В нашем герое происходила та метаморфоза, что теперь он, наоборот, практически весь открывался Полине, а дома, с отцом, разговаривать не желал и предпочитал молчать. Полине это, опять-таки, было как будто на руку, не вполне ясно, чего девушка пыталась этим добиться, но ей прямо-таки нравилось козырять перед его отцом, намекая, что, дескать, теперь Алексей уже весь в её власти. Полина была старше Алексея на четыре года. Сама она, уже почти добившись чего хотела (а наедине с собой она мнила, что уже и вовсе окончательно и бесповоротно привязала Алексея к себе), – сама Полина постепенно переключалась на других парней, потому как постоянство было не в её характере и она умела только добиваться, но не умела удерживать – черта, впрочем, присущая большинству экстравертов.
Вернулся из города Степан с молодой женой. И не узнал брата. Настолько, по его словам, Алексей переменился. Это сквозило в его отношении ко всему окружающему. Он стал каким-то безвольным.
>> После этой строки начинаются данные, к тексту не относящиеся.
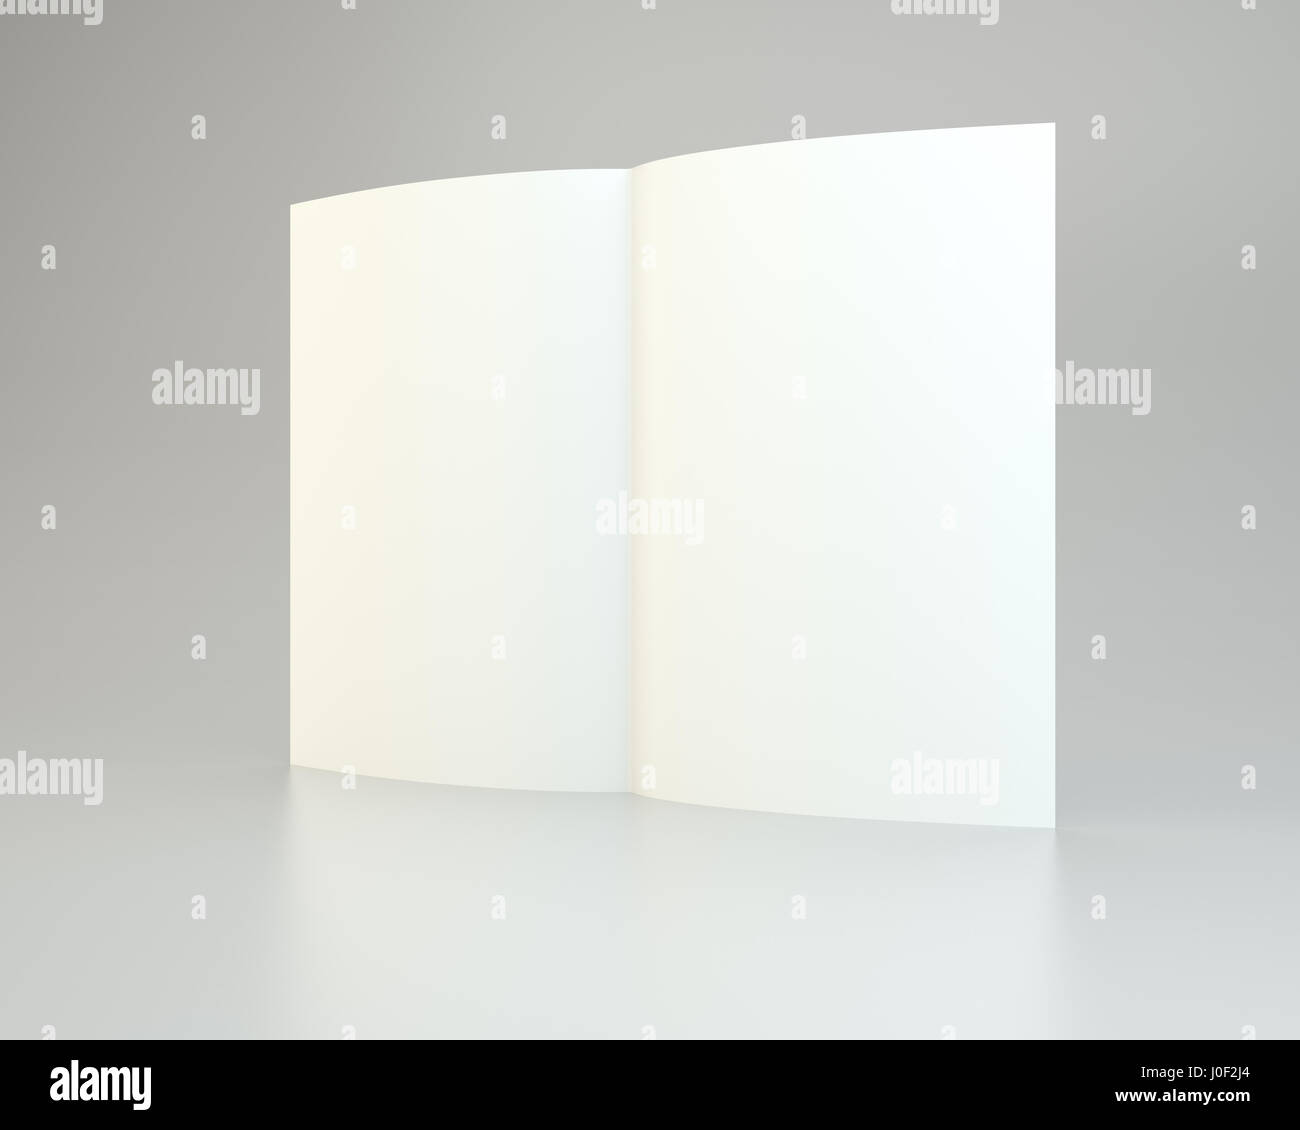 Blank White A4 paper sheet mockup template Stock Photo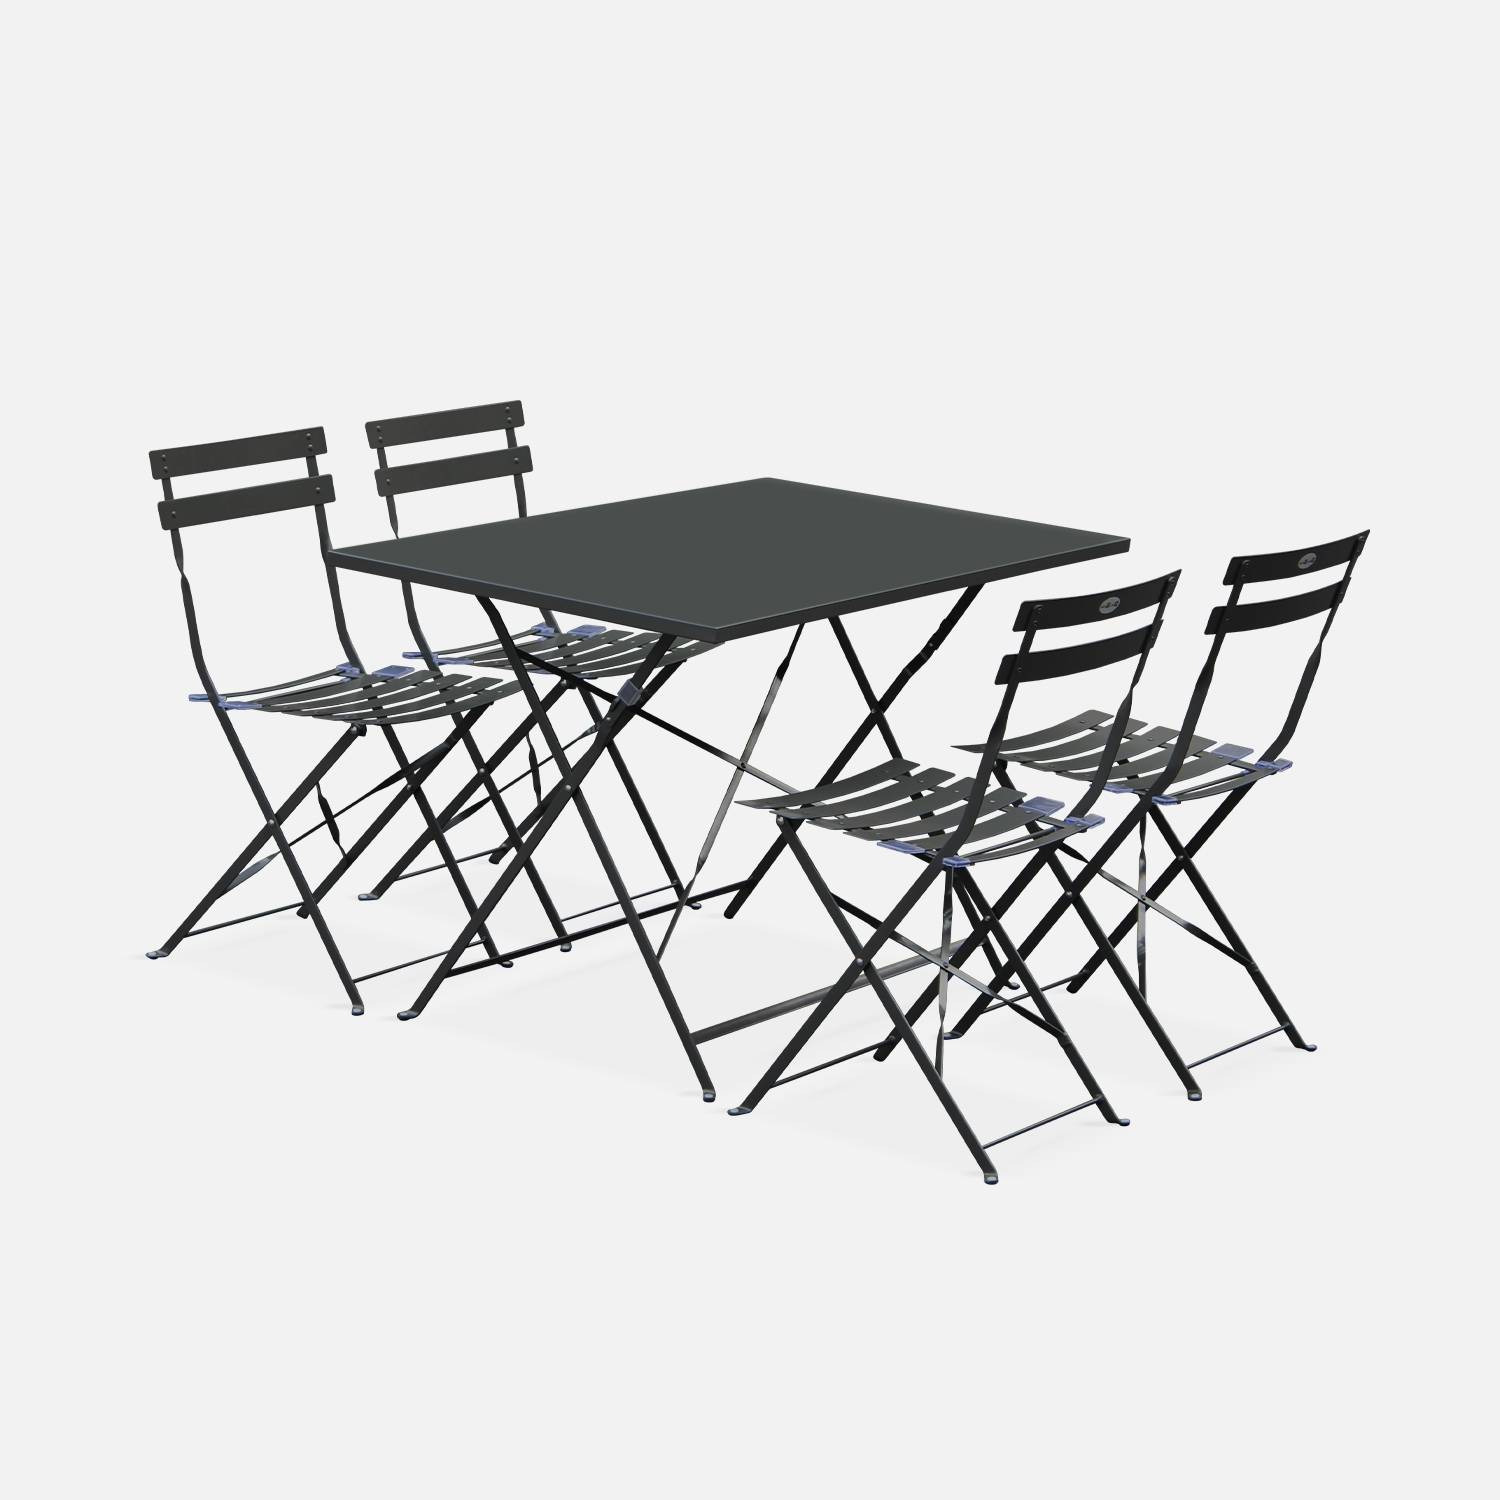 4-seater foldable thermo-lacquered steel bistro garden table with chairs, Anthracite

Степан стал советоваться с отцом, выражая ему свои опасения. Андрей поблагодарил сына и сказал, что займётся этим. Конечно, и сам Андрей видел, что с его сыном творится неладное. Но он не спешил действовать, боясь навредить этим самому Алексею. Когда Андрей сам был юноша и сначала стремился к тому, чтобы поступить в духовную семинарию, ибо молился он тогда пять раз на дню и все свои скромные денежные средства, дарованные ему его отцом Алексеем, отдавал в храм, – он тоже повстречался с одной такой девицей, которая очень напоминала характером Полину. Несколько лет спустя, загоревшись уже учением Ислама, он повстречал ещё одну такую девушку. А потом и в третий раз повстречал нечто подобное. То есть, прежде чем жениться на Даше, ему везло именно на таких стервозных и гнилых особ. И Андрей знал, учитывая к тому же характер своего сына, что, начни он действовать теперь вопреки – и Алексей только взбунтуется и возгорится Полиной ещё сильнее. Надо, чтобы она – Полина – поверила, что он уже весь в её власти, ибо только тогда она проявит себя и Алексей сможет понять всю её природную сущность и только тогда к нему вернётся разум. Поэтому Андрей за ситуацией сына следил, но ничего как будто не предпринимал.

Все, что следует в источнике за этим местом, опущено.